Markets came back from the holiday weekend with AI firmly back in the driver’s seat. On Monday, the S&P 500 rose 0.7%, the Nasdaq gained 1.1%, and the Dow added 0.3% to close at a record, helped by renewed strength in AI-linked names and chip stocks. By Tuesday morning, that same trade got shakier as Samsung’s blowout profit forecast still failed to quiet concerns about AI supply, pricing, and whether the chip cycle is moving from scarcity to digestion. The AI rebound on Monday quickly became a chip-led pullback on Tuesday.
The message was familiar: the market can still climb when AI leadership is working, but the margin for disappointment is thin. SpaceX’s Nasdaq-100 inclusion added another wrinkle, with index demand meeting valuation gravity in real time.
The June jobs report gave investors a softer labor tape without a recession flare. Payroll employment rose by 57,000, the unemployment rate held near steady at 4.2%, and average hourly earnings rose 0.3% on the month and 3.5% over the past year. The more important detail was in the revisions: April and May employment gains were marked down by a combined 74,000, trimming some shine from the spring hiring run, according to the June employment report.
The Fed held its target range at 3.50% to 3.75% in June, saying economic activity was expanding at a solid pace while inflation remained elevated relative to its 2% goal. That setup has left markets parsing every data point for whether the central bank has enough cover to stay patient, or whether inflation pressure forces another move later this year, based on the latest FOMC statement.
Households gave the Fed a mixed message this week. The New York Fed’s June survey showed one-year inflation expectations rising to 3.7%, the highest reading since September 2023, while three-year expectations rose to 3.3% and five-year expectations held at 3.0%. Gas-price expectations fell sharply, which helps the headline story, but the broader psychology of inflation still looks sticky in the Survey of Consumer Expectations.
The real economy still looks expansionary. ISM’s Manufacturing PMI registered 53.3 in June, down from May but still in growth territory for a sixth straight month. New orders stayed healthy at 56.0, production expanded, and prices eased from May’s very hot reading while remaining elevated at 73.0. Employment stayed slightly contractionary at 49.7, which fits the broader labor-market story: slower hiring, still-moving demand, and firms watching costs closely in the June manufacturing PMI.
Services also held up. ISM’s Services PMI registered 54.0, marking 24 straight months of expansion. Business activity and new orders cooled, but employment moved back into expansion at 51.2. Prices eased to 67.7, the lowest since February, while data-center-related inputs stayed tight, a small but telling sign of how AI infrastructure is spilling into old-fashioned supply chains in the June services PMI.

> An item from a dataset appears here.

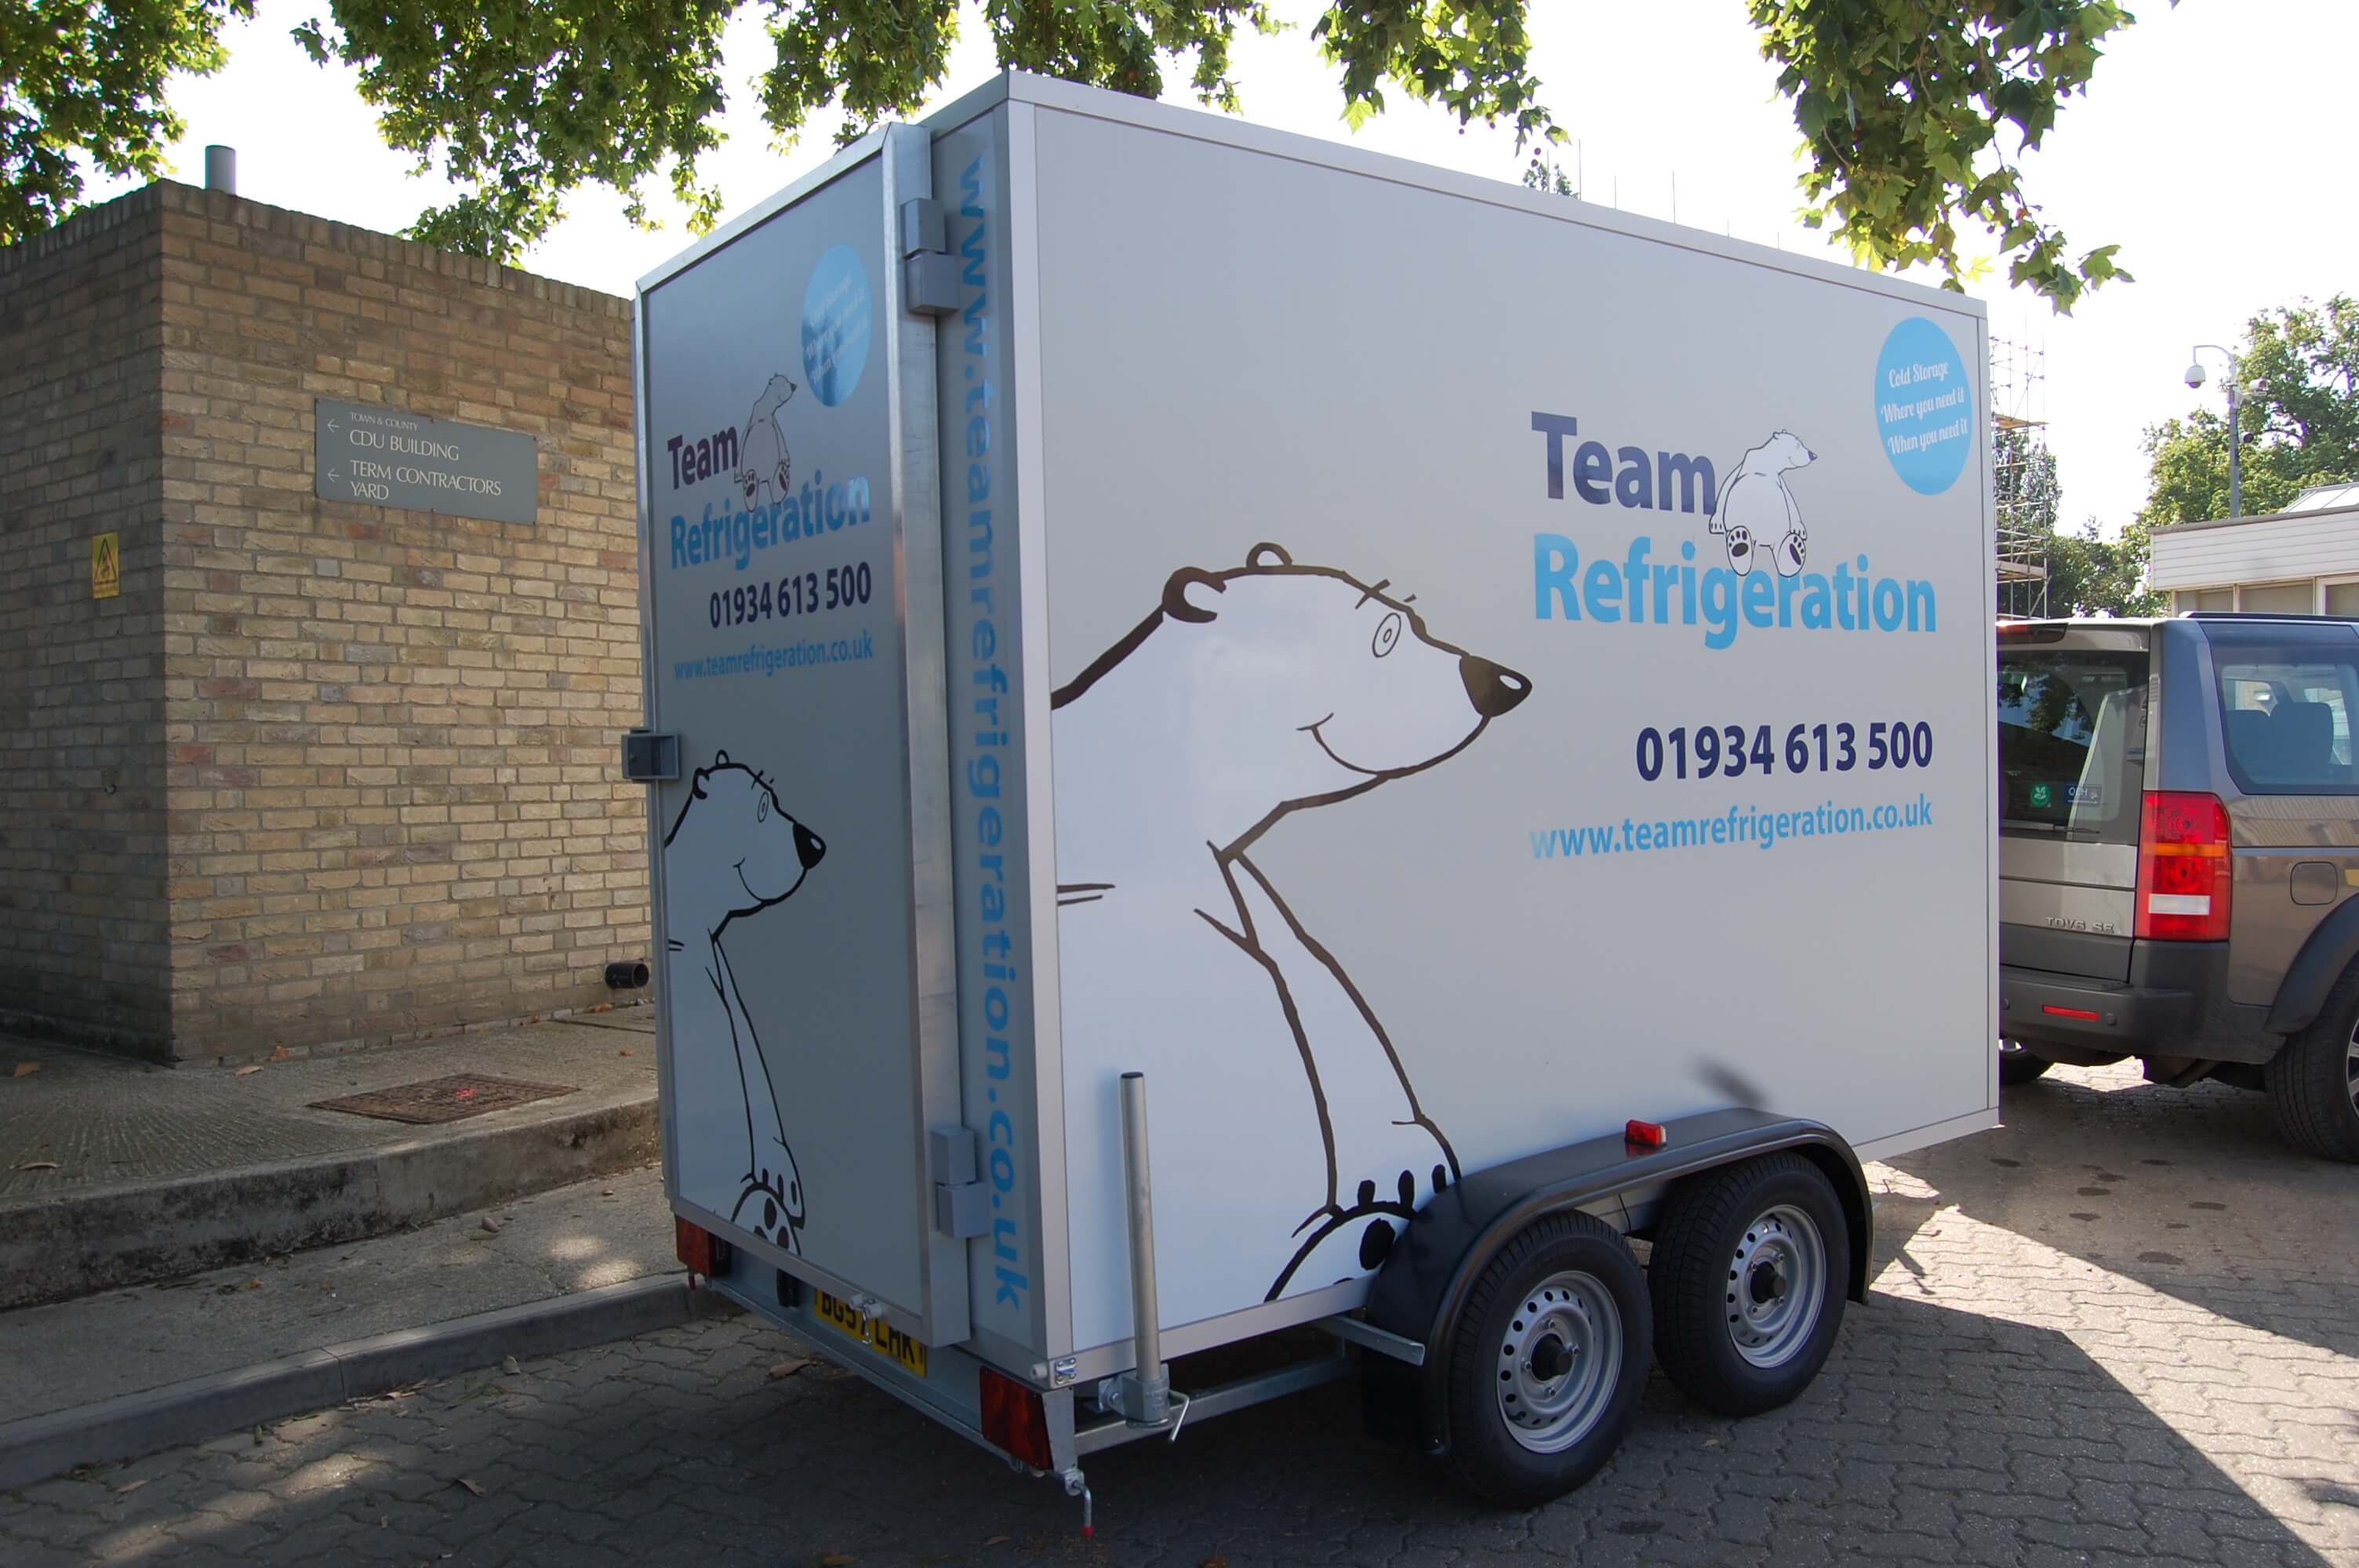 Hire refrigerated trailer or hire refrigerated container to minimise start up costs.

The economy is still growing. It is also paying more attention to bottlenecks, labor discipline, and the cost of building the AI future in steel, copper, power, and HVAC units.
The U.S. trade deficit widened sharply in May, moving from $54.6 billion in April to $77.6 billion. Imports rose while exports fell, with the goods deficit reaching $106.5 billion and the services surplus increasing to $28.9 billion, according to the BEA trade release.
The market wrinkle is why imports rose. Capital goods imports, including AI-linked equipment and components, helped drive the widening. That can weigh on GDP math in the short run, but it also says companies are still spending heavily on infrastructure. The AI trade is therefore doing two things at once: lifting market narratives and pulling more physical equipment through ports, balance sheets, and supply chains.
Oil markets spent part of the week absorbing more supply. OPEC+ approved another production-target increase for August, while crude prices traded near pre-conflict levels as exports through the Strait of Hormuz continued to recover in the latest OPEC+ decision.
Then geopolitics reminded everyone why oil markets rarely stay boring for long. Reports of renewed maritime tension near the Strait of Hormuz pushed Brent higher Tuesday, even as broader supply signals leaned easier. The result is a market caught between barrels returning to the system and risk premiums refusing to leave the room, as seen in Tuesday’s global markets reaction.
For inflation, that distinction matters. More supply helps. A fragile shipping lane keeps energy risk alive.
The U.S. men’s World Cup run ended Monday night in Seattle with a 4-1 Round of 16 loss to Belgium, a brutal comedown after a tournament that had finally pushed American soccer into the center of the summer sports calendar. Malik Tillman briefly gave the crowd life, but Belgium answered quickly, punished U.S. defensive mistakes, and moved on to a quarterfinal against Spain after the lopsided knockout win.
For the U.S., the exit stings because the backdrop was bigger than one bad night. Home soil, a deepening player pool, and a country fully awake to the tournament made this feel like a moment to cash in. Instead, Belgium turned the match into a reminder that enthusiasm can fill a stadium, but composure still wins knockout soccer.
But hey, at least Europe got a good ol’ Big Gulp of what makes America truly ’Murica: Buc-ee’s, Chili’s, and HOV lanes for our Hummers.
Maybe we’re not the cultural disaster they thought we were.